Why not to shoot black and white in camera

November 18, 2007 by Daniel | Filed Under Photography, Photoshop, Tutorial 

Most digital cameras have the option of capturing black and white images directly in the camera. It can be a nice feature to have sometimes. But you can achive much better results by doing the conversion yourself.

Difference

Digital camera sensors do not capture b&w images, they capture color images with three channels, each describing the lumniosity of each of the colors red, green and blue. Consequently, there is always a conversion taking place when you make a b&w photo. The three channels must be made into one grayscale channel. If you let the camera do that for you, you give up all control of how it is done, and how much of each channel is used in the mix.

If you do it in post processing on the other hand, you have full control. One way is using the channel mixer. It can be applied as an adjustment layer.

Channel Mixer

Check the Monochrome checkbox and you will get a grayscale image. The sliders control how much of each channel is used. The total percentage should be around 100%, but can vary pretty much from image to image.

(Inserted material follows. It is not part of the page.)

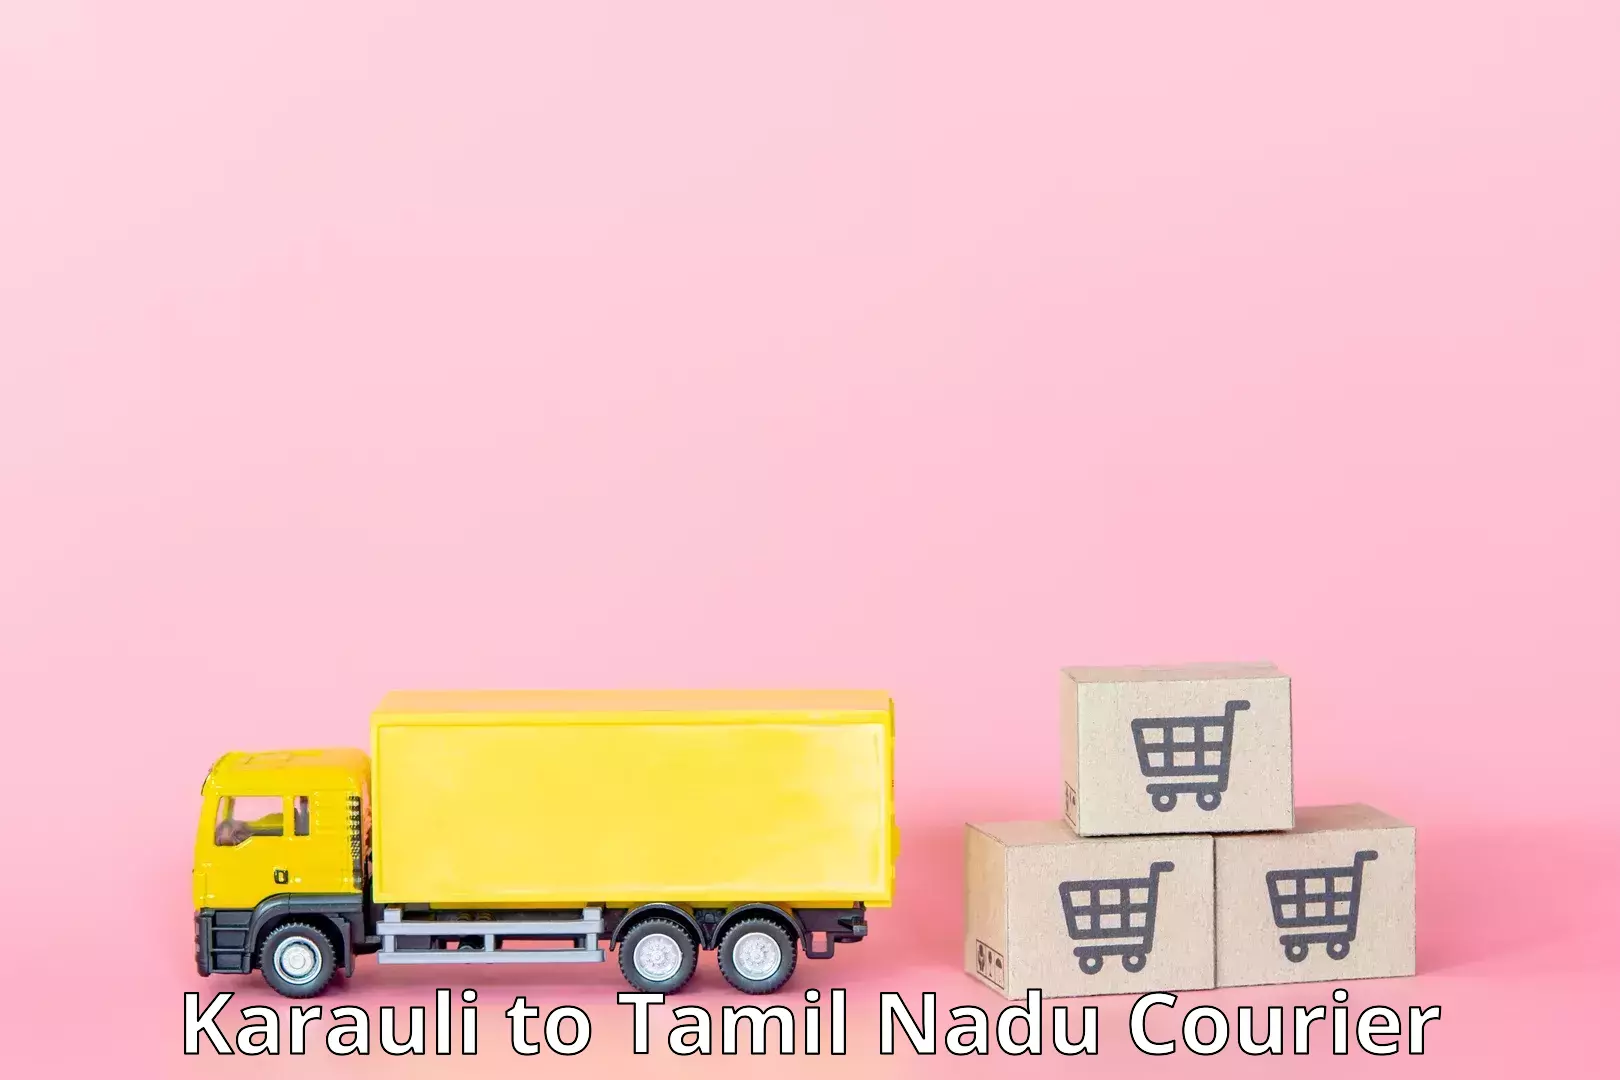 Global logistics network Karauli to Tamil Nadu

To demonstrate the difference I’m going to convert this image of a bright yellow leaf you saw at the beginning of the post.

Maple leaf, Copyright 2007 Daniel Kvarfordt

If we choose the three color channels separately it looks like this.

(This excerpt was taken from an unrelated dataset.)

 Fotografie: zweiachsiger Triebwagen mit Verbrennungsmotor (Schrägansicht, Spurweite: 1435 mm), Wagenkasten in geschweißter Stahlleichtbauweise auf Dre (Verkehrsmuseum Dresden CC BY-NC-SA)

Red: Red Channel Green: Green Channel Blue: Blue Channel

As you can see there is quite a bit of difference. In the red one the leaf is very bright, in the green the leaf has a nice texture but blends in too much with the background. In the blue channel the leaf is very dark and the background very bright.

If we convert this image using Image>Mode>Grayscale we get an image that looks like this:

Straight grayscale

This is about what you could expect to get from an in-camera b&w image. As you can see there is not much contrast between the leaf and the background. The image becomes hard to read and it looks really bad.

How would we use the information in the r,g,b channels to improve this image? We would like to have the texture from the green and the contrast from the red. The blue channel is useful in this case, because we can use it to darken the distracting background by adding a negative amount of it in the mix, without affecting the leaf much.

With the channel mixer

So above is my version using the channel mixer. Click here to see the settings I used: Channel mixer settings. Adding a simple curvers layer to get some more contrast I get this:

Finished

That’s a whole lot better than the first conversion if you ask me, although there is a finer gray scale in the previous version. It depends on what effect you want to archieve.

Changing the settings you can get very different results. Here is another version where I subtracted a bit more of the blue channel to almost remove the background completely:

Alternative version

You might notice this last image is pretty noisy in the background. As a rule of thumb, the blue channel is the noisiest one while the green is the least noisy and most detailed and the red is the most contrasty.

There are many other ways to convert to b&w than just the channel mixer, the “black & white” option in Photoshop cs3 is one.

Thanks for reading!

Comments

3 Responses to “Why not to shoot black and white in camera”

  1. Timur I. Alhimenkov on January 28th, 2009 3:10

    Wow! Thank you!
    I always wanted to write in my site something like that. Can I take part of your post to my blog?
    Of course, I will add backlink?

    Regards, Reader

  2. Daniel on February 5th, 2009 0:05

    Hi, yes it’s okay. Glad you liked it!

  3. Yoga on March 27th, 2009 8:14

    Wow, you give me new ideas. So far uninterested to shoot B&W in digital because it’s so different than when I shot on orthochromatic film. Even your suggestion is better because I can choose how color is mixed than in film :D More flexibility than on-camera color filter. Thanks.